Create Affinity between Cassandra and Kubernetes

11 min readAug 12, 2019

In my previous post, we looked at how to deploy Cassandra clusters in Kubernetes using CassKop. CassKop makes it easy to configure different topologies for Cassandra. In this post we continue with the theme of topology configuration. We will explore how we can leverage CassKop to make sure Cassandra pods run on particular Kubernetes nodes as well as to make sure pods run in specific availability zones. CassKop makes this possible by using labels and affinity rules.

Labels in Kubernetes are key/value pairs that can be added to objects such as pods, services, and even the nodes on which pods run. Labels help organize, select, and filter objects in a Kubernetes cluster.

Affinity rules are scheduling rules that help determine on what nodes pods should or must run. Conversely anti-affinity rules are scheduling rules that help determine on what nodes pods should not or must not run. For a more detailed overview, see the official docs.

For cloud-based deployments of Cassandra it is common to organize racks by availability zone. This is done to improve availability and fault tolerance. For example, let’s say we have a nine node cluster spread across three racks, with each rack in a different availability zone. Let’s also suppose that the application keyspace(s) use relpication_factor = 3. This gives us a full set of replicas per rack. The cluster can withstand the loss of an entire availability zone and still maintain strong consistency.

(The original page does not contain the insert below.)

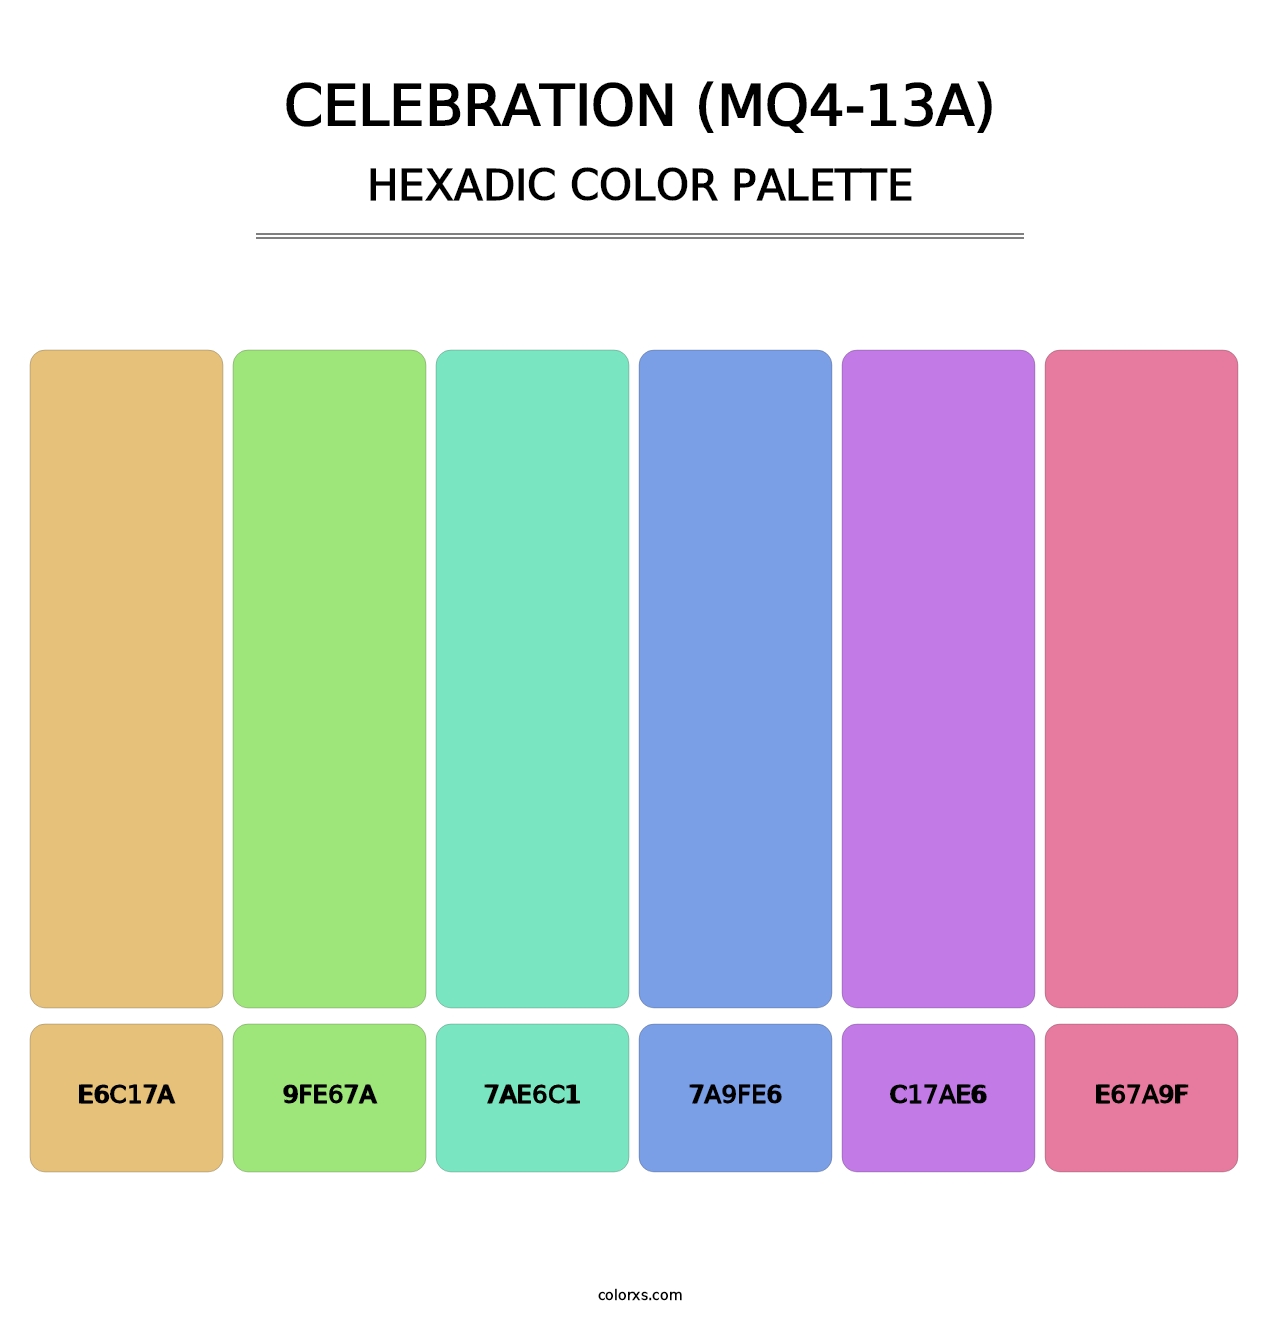 Celebration (MQ4-13A) - Hexadic Color Palette

With all that in mind, onto some examples!

Soft Anti-affinity

We will start with an easy example and work through progressively through more complex ones. This first example demonstrates a should or soft anti-affinity rule.

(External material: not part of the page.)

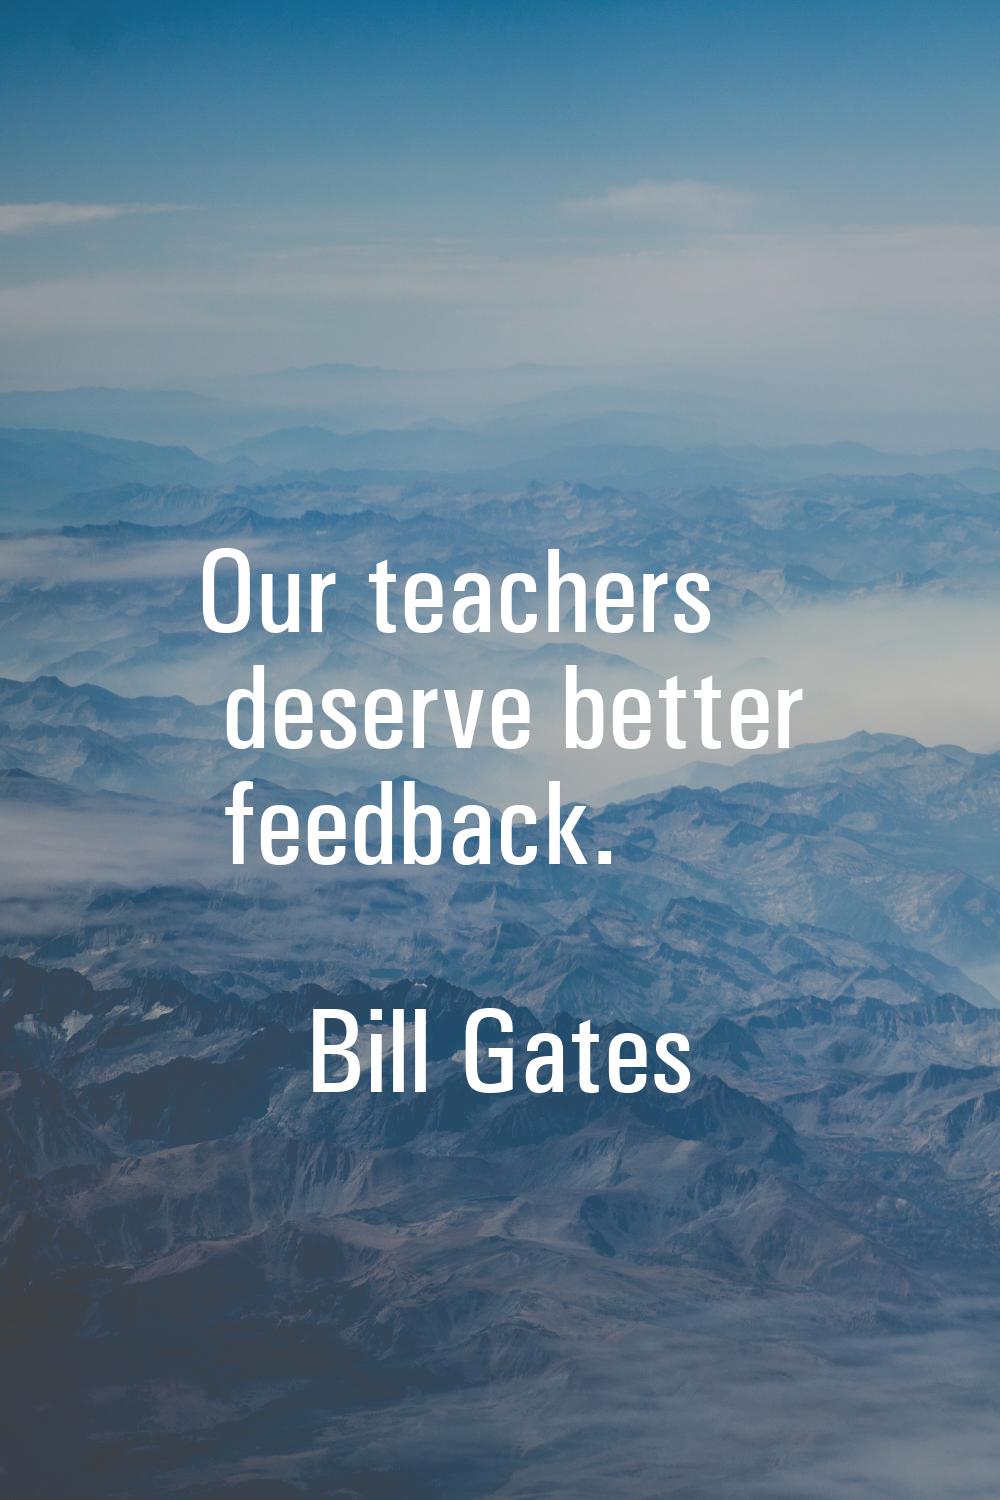 Our teachers deserve better feedback.

# soft-anti-affinity.yamlapiVersion: "db.orange.com/v1alpha1"
kind: "CassandraCluster"
metadata:
  name: soft-anti-affinity
  labels:
    cluster: soft-anti-affinity
spec:
  nodesPerRacks: 3
  resources:
    requests:
      cpu: '1'
      memory: 1Gi
    limits:
      cpu: '1'
      memory: 1Gi

Note: For this and the next example, I am using a three-node Kubernetes cluster that is running in a single availability zone.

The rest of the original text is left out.